To ensure that both parties are protected and that the terms of the loan are clear, it`s best to have a written agreement in place. The employee loan agreement is a legal document that sets out the terms and conditions of the loan, including the amount borrowed, the repayment terms, and any other relevant details. It`s important to read the agreement carefully and ask questions if you`re unsure about any of the terms.

What should be included in the employee loan agreement?

The employee loan agreement should include the following:

1. Loan amount: The total amount of money borrowed should be stated clearly in the agreement.

2. Interest rate: As mentioned earlier, employers are not allowed to charge interest on loans given to employees. However, if you are borrowing from a bank or other financial institution, the interest rate should be specified in the agreement.

3. Repayment terms: The agreement should specify the repayment terms, including the number of installments, the due dates, and the amount of each installment.

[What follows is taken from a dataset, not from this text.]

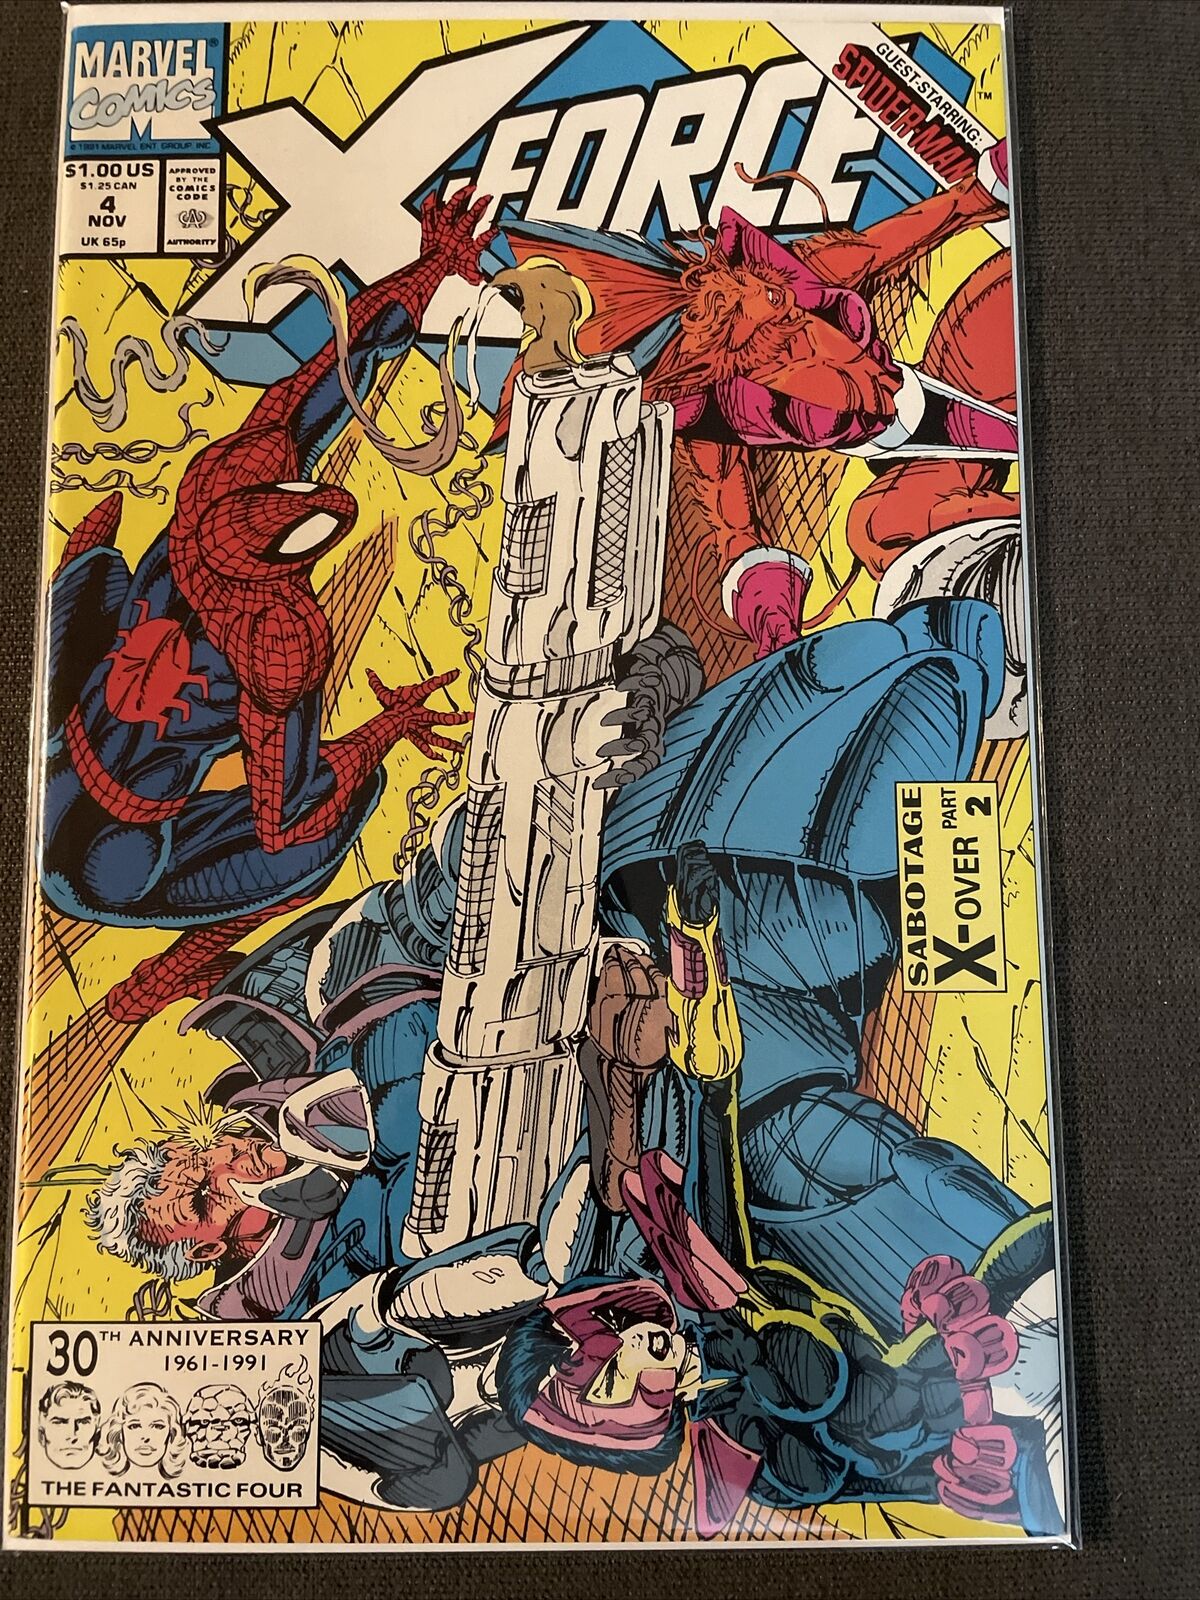 Marvel - X-FORCE #4 (Great Condition) bagged and boarded

4. Late payment fees: If you fail to pay your loan on time, your employer may charge you a late payment fee. This fee should be specified in the agreement.

5. Security: If the loan amount is significant, your employer may require you to provide collateral. The type of collateral should be stated in the agreement.

6. Default: The agreement should specify what will happen if you default on your loan. This may include legal action or the seizure of collateral.

7. Signatures: Both you and your employer should sign the agreement to indicate that you have read and understood the terms.


An employee loan agreement is an important document that protects both you and your employer. By having a written agreement in place, you can avoid any misunderstandings and ensure that the terms of the loan are clear. If you`re unsure about any of the terms, don`t hesitate to ask questions or seek legal advice. Remember, borrowing money is a serious commitment, so make sure you understand the terms before signing on the dotted line.